As of August 1,1974, the prepayment penalty which would be due should the mortgagor choose to prepay under the circumstances contemplated in the promissory note amounted to $48,162.44. The principal amount of the note, dated October 28, 1971, was $225,000.

United Family claimed the prepayment penalty as an element of damage in the condemnation. Such award was refused by the special master. United Family filed exceptions in DeKalb Superior Court, wherein the special master’s award was upheld. Upon appeal, the Court of Appeals ruled the prepayment interest penalty was an element of damage under the Georgia Relocation Assistance and Land Acquisition Policy Act of 1973 (Ga. L. 1973, p. 512; Code Ann. § 99-3701 et seq.) if such award would be reimbursed by the federal government. We reverse.

Article I, Sec. Ill, Par. I of the 1945 Constitution mandates that just and adequate compensation must be paid before private property may be taken by the state. This mandate is declaratory of common law principle that property may not be taken without compensation. Young v. McKenzie, 3 Ga. 31 (1847).

Just and adequate compensation has been judicially defined in Georgia as the fair market value of the property at the time of the taking. State Hwy.Bd. v. Warthen, 54 Ga. App. 759 (189 SE 76) (1936); State Hwy. Dept. v. Howell, 119 Ga. App. 606 (168 SE2d 213) (1969).

Unlike other jurisdictions, Georgia does not statutorily restrict compensable elements of damages in eminent domain proceedings, but instead relies on a system of case-by-case adjudication. This was referred to in footnote 1 in the Colorado case of Auraria Businessmen Against Confiscation, Inc. v. Denver Urban Renewal Authority, (Colo.) 517 P2d 845 (1974), citing Bowers v. Fulton County, 227 Ga. 814 (183 SE2d 347) (1971).

[419]*419United Family contends that the nonpayment of the prepayment penalty not only amounts to failure of just and adequate compensation, but also works a constitutionally proscribed impairment of contract. A contract is obviously a property right, and the sort of taking or damaging which poses the constitutional requirement of just and adequate compensation may be any species of property. Woodside v. City of Atlanta, 214 Ga. 75, 83 (103 SE2d 108) (1959). As property, contracts may be condemned.

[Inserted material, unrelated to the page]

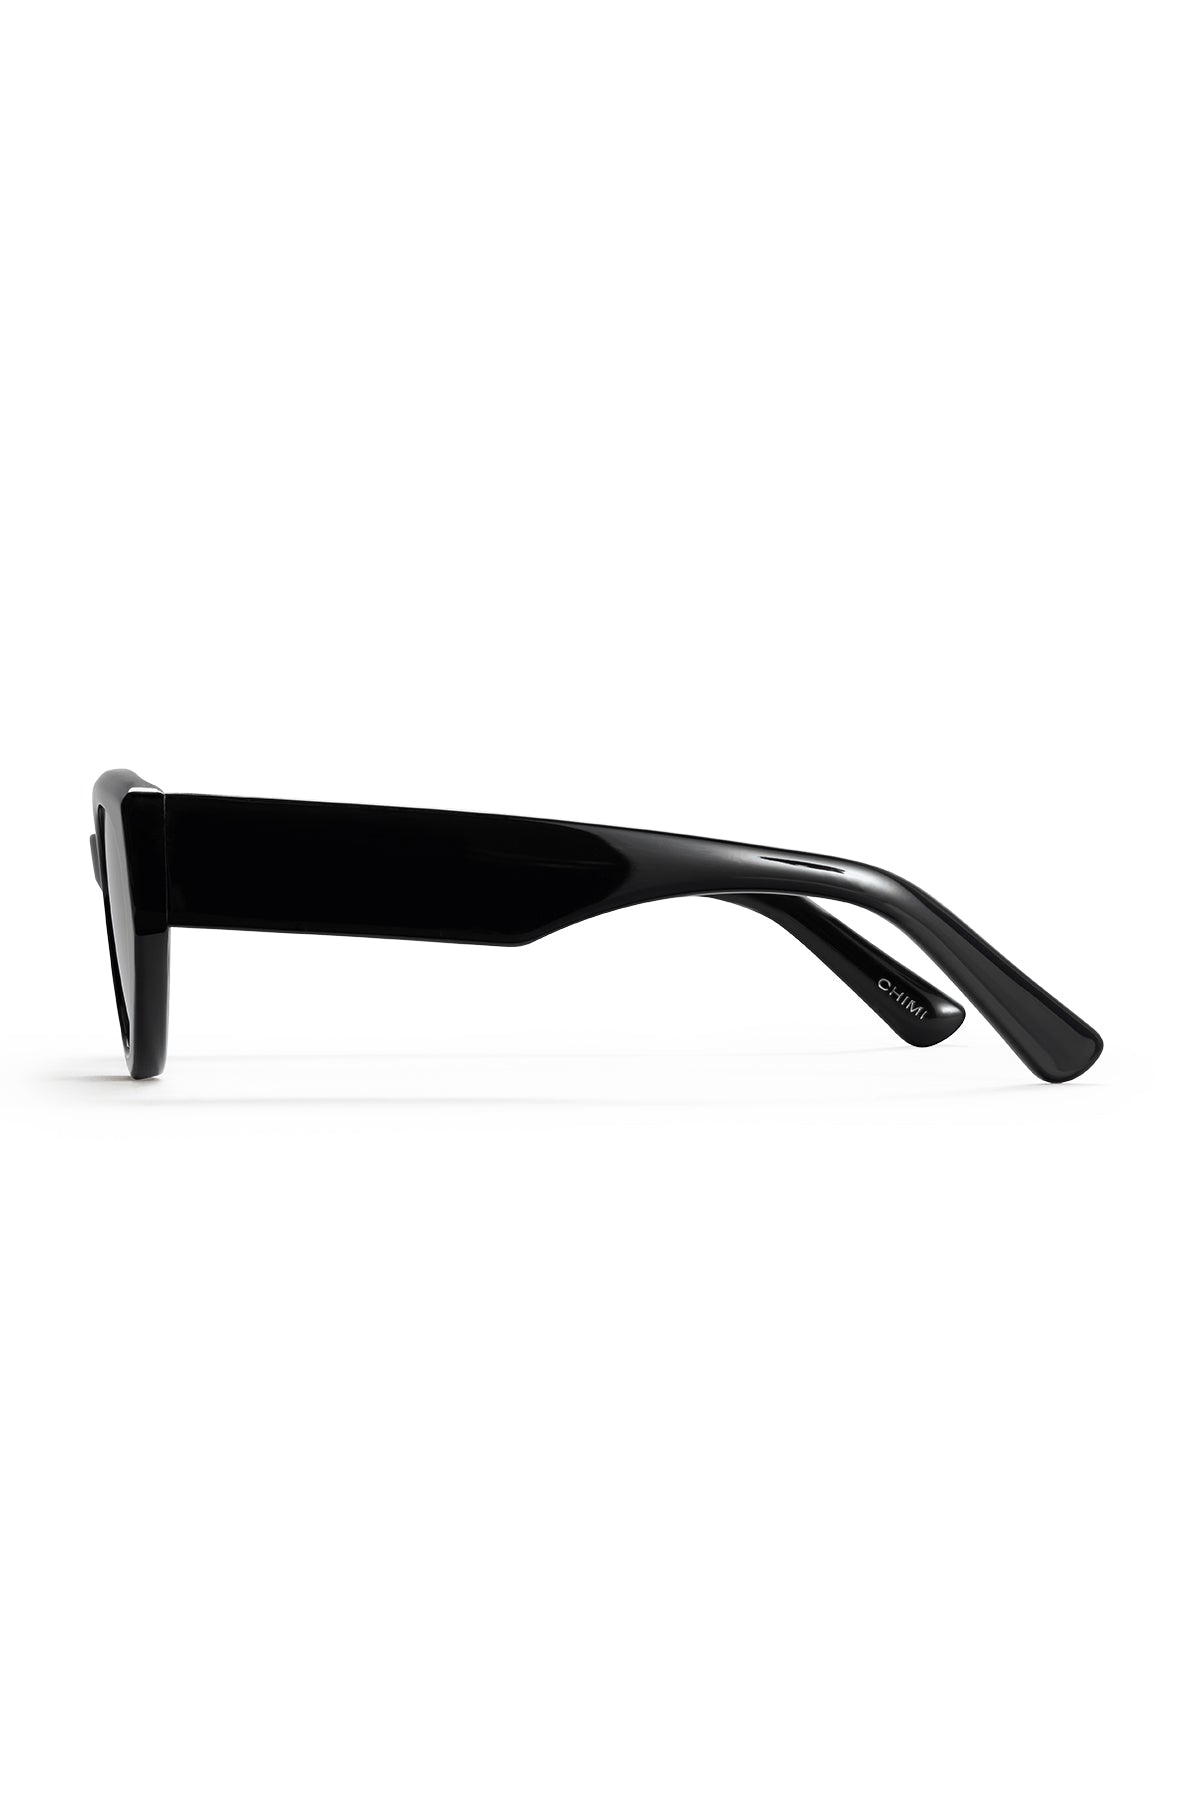 Chimi 06 Sunglasses Black Side-22133021638849

City of Atlanta v. Airways Parking Co., 225 Ga. 173, 175 (167 SE2d 145) (1969). There is thus no need to reach the constitutional issue of impairment of contract, because United Family’s right to money from its mortgages is by operation of law transmuted to a claim for money paid in the condemnation process.

The measure of value of the contractual right condemned was considered by the Florida court in Associated Schools v. Dade County, —(Fla.)— 209 S2d 489 (1968). The District Court of Appeals held therein that since Florida had previously held in Shavers v. Duval County, —(Fla.)— 73 S2d 684 (1954), that when there was no right to prepayment, a mortgagee was not entitled to receive an amount from the proceeds equal to his unearned interest; he therefore would not be entitled to prepayment penalties. Both Associated Schools and Shavers were cited with approval by the Appellate Division of the Superior Court of New Jersey in Jala Corp. v. Berkeley Savings &c. Assn., 104 N. J. 394, supra (250 A2d 150) (1969). Jala involved a factual situation quite similar to the one at bar. The court in Jala dismissed as "frivolous” the contention that the prepayment charge might be considered as a loss incidental to the condemnation. Jala, p. 402. The New Jersey court also quoted with approval the following excerpt from Shavers: "It would be unfair and contrary to the principles of equity and good conscience for the mortgagee to have the principal of the note and the free use and enjoyment thereof and at the same time require the mortgagor or the condemnor to pay it interest on the same principal for no other reason than that a naked legal provision of the note and mortgage, at the time it was executed, required that the mortgagor should do so.” Jala, p. 399.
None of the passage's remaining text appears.